Today, the official handgun of the U.S. Army is the Beretta M9. But it may not be that way for long.
The Pentagon is searching for a new handgun for its soldiers. The request for proposals envisions a modular handgun system. Sounds simple, but the Army has only been in the market for its official gun twice before, so gun manufacturers have a lot riding on the contract. And it’s not just about the money.
Beretta learned that lesson when it won the Army’s gun contract back in 1985. It was something of a coup for the Italian company — until then, the company was best-known for making boutique-type hunting rifles.
Beretta has made the Army’s M9s in its Accokeek, Maryland headquarters since 1987. At the height of the Army contract, it employed about 500 people, but today it’s around 300. Gabriele De Plano, Beretta’s vice president of military marketing and sales, says that when Beretta won the contract, the impact was immediate.
“Law-enforcement agencies started to adopt the Beretta M9 or the equivalent commercial version, a lot of state-police agencies adopted the M9, the civilian market all of a sudden took greater note of our products,” he says.
But the Army’s new request for proposals for a modular handgun system is a sign that the military isn’t satisfied with the M9. There are some well-known complaints: its magazines get stuck in hot, sandy environments like Iraq and its grip is too big for those with small hands, like female soldiers. De Plano says Beretta tried to address some of those complaints with an updated version called the M9A3.
“The pistol itself operates exactly the same way, which is one of the great advantages,” he says. “If you know how to shoot the old pistol, you know how to shoot the new pistol.”
Beretta submitted this updated version as an “Engineering Change Proposal” to the existing contract, but the Army didn’t bite.
Brian Friel, a government-contracts analyst with Bloomberg Intelligence, says that’s because the government wants a wide-open competition for its new modular system.

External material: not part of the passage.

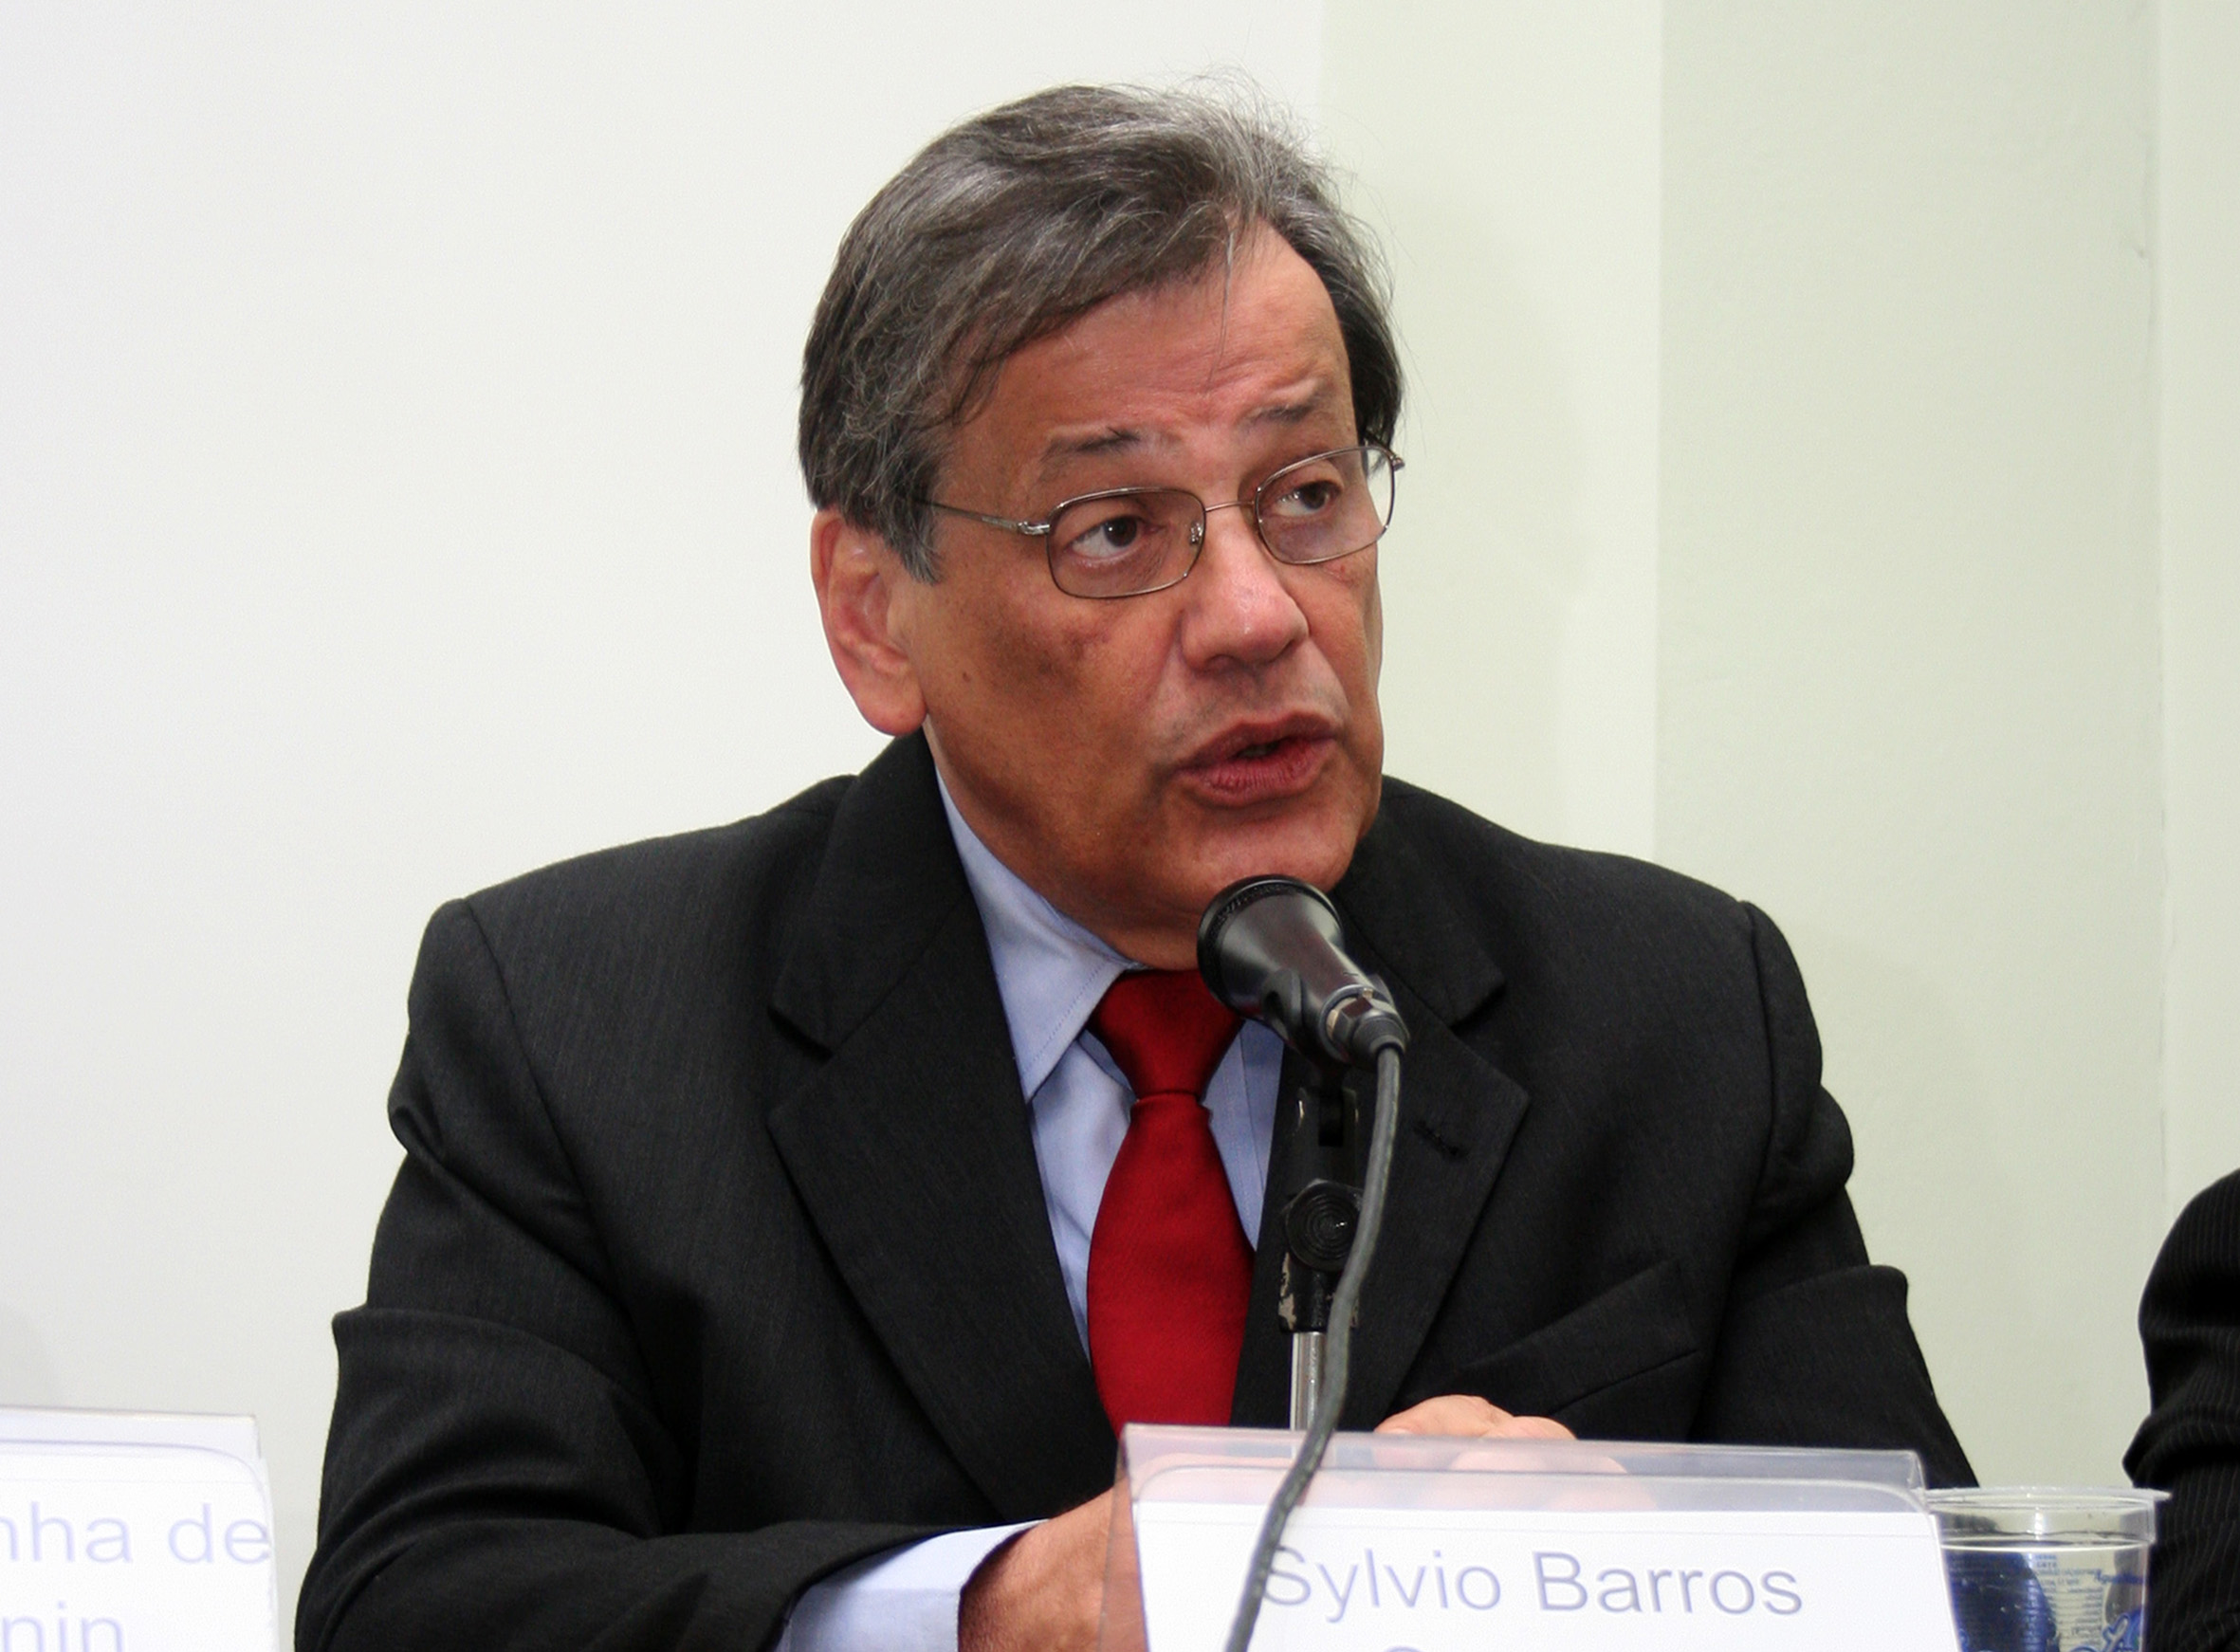 Silvio Barros Sawaya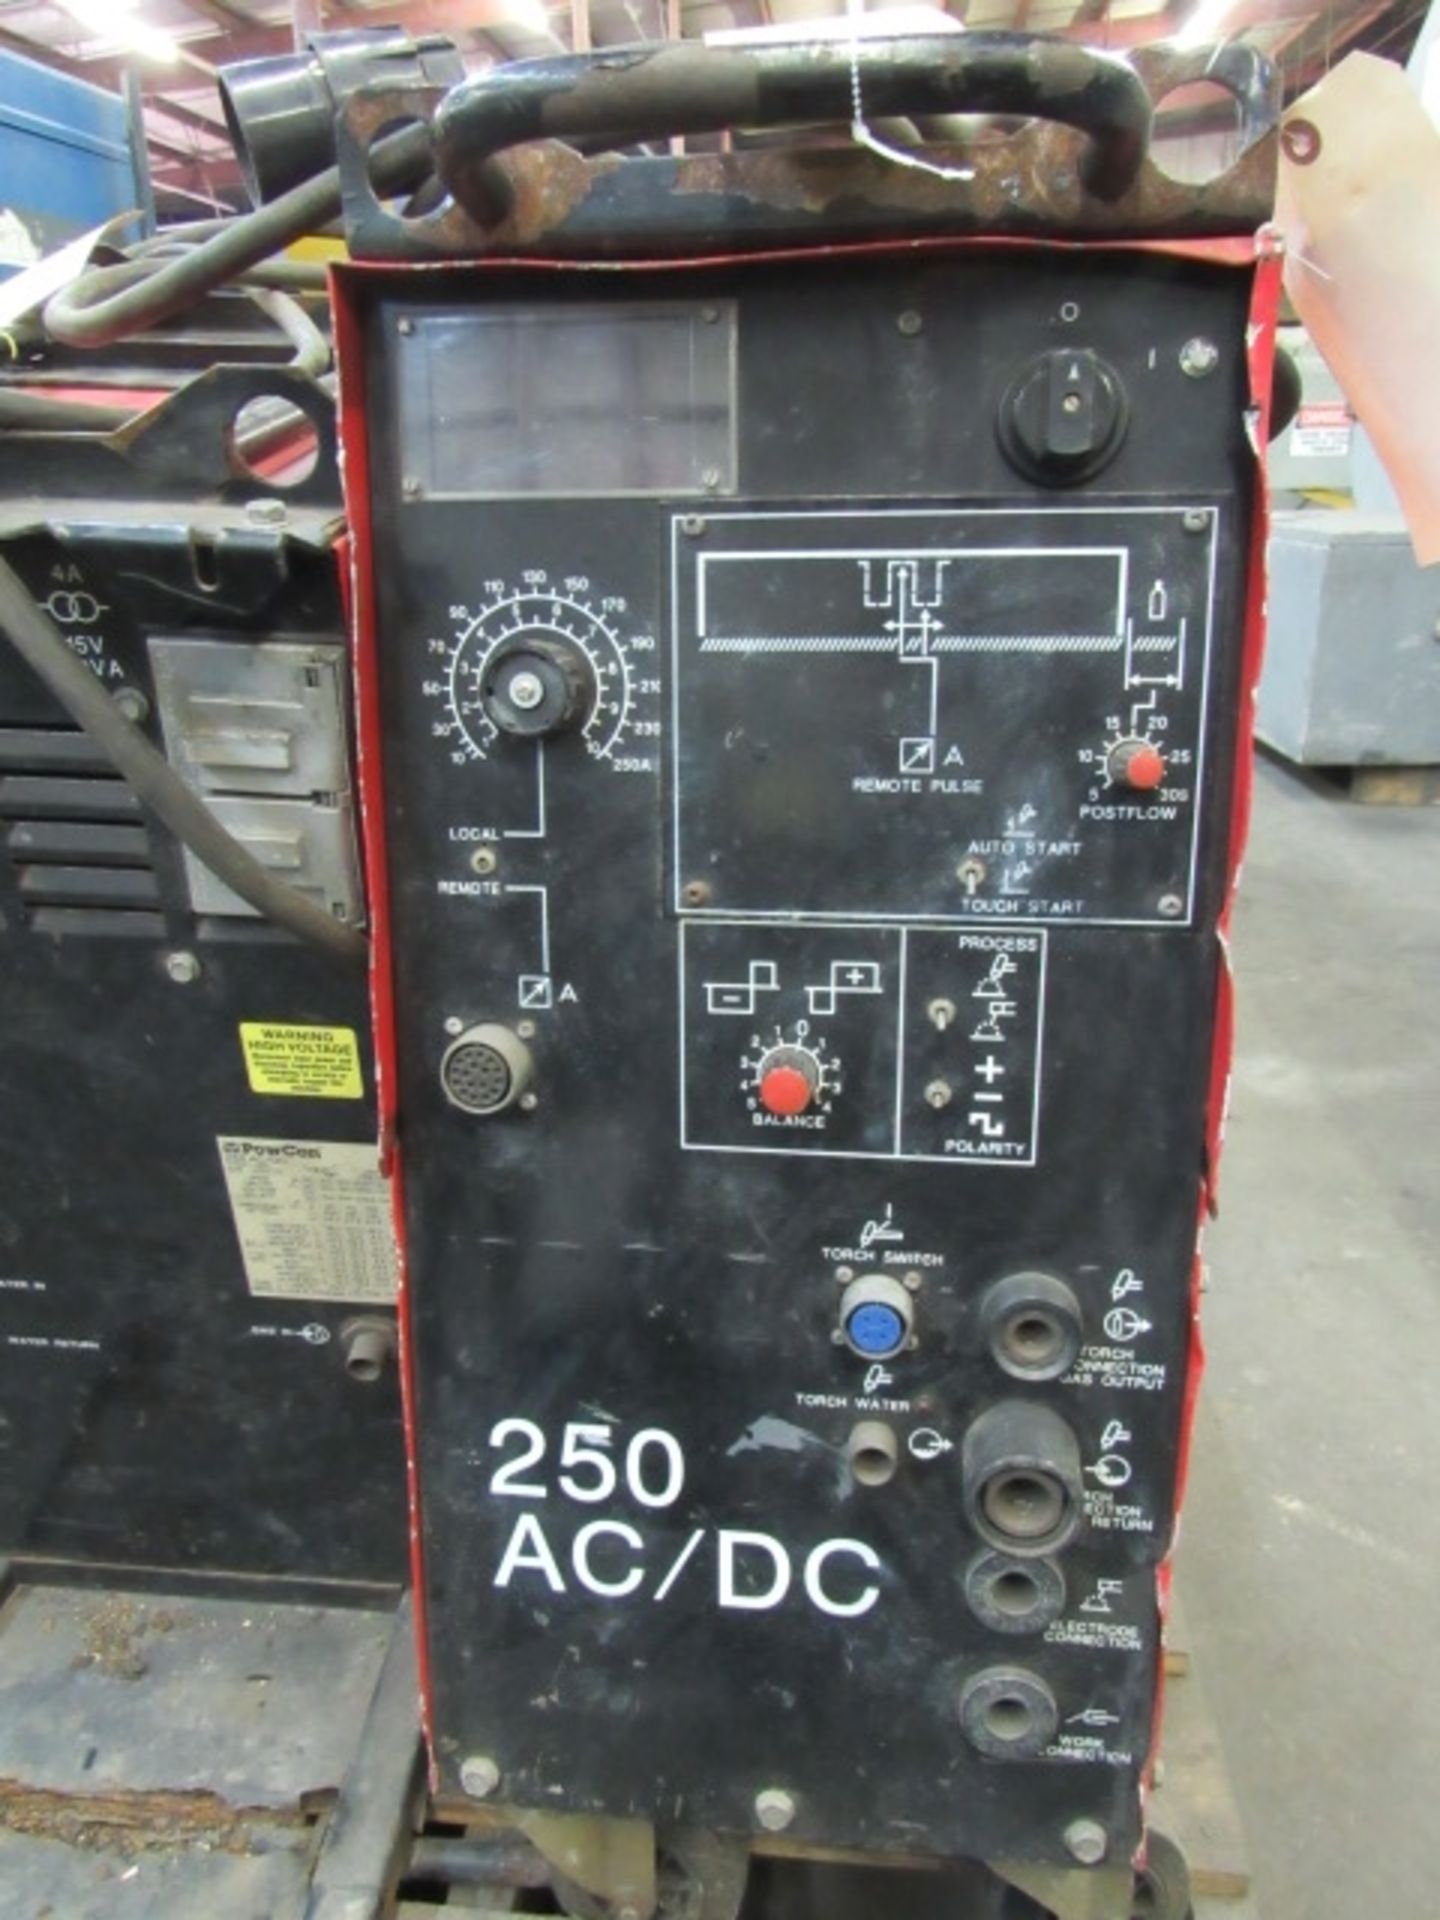 WELDING MACHINE, POWCON 250 AC/DC, S/N K202132 - Image 2 of 2

And it’s no wonder Beretta submitted the M9A3 to try to keep its contract.
“The value of a government contract is beyond its nominal dollar amount because there’s something of a good housekeeping stamp of approval that comes with the Army or an agency picking your gun to put in soldiers’ hands,” Friel says.
That nominal dollar amount is actually low, in the grand scheme of Pentagon acquisitions. The Department of Defense only spent about $400 million over the life of the 30-year Beretta contract. Contrast that with the overall civilian gun market in America, which is worth around $7 billion per year, or the hundreds of billions spent on the yet-to-be-delivered F-35 fighter jet.
Mike Greene, an analyst with defense consulting firm Avascent, says gun manufacturers want this contract so they can be “The Army Gun.”
“There are six, seven, eight million concealed carry holders in the U.S., which is a lot larger number than most people realize,” Greene says. “Those people are carrying a firearm, those are regular civilians who are carrying a firearm every day.”
Because the consumer-handgun market has grown so exponentially since the last Army gun contract in the 1980s, “in this case, the consumer market may drive what the military chooses,” Greene says. “The research and development is all on the consumer side.”
Even if Beretta doesn’t win this contract, its relationship with the Army will continue to have cachet. Its predecessor, the Colt M1911, was the army’s gun for 70 years. And to this day, it still has a devoted following.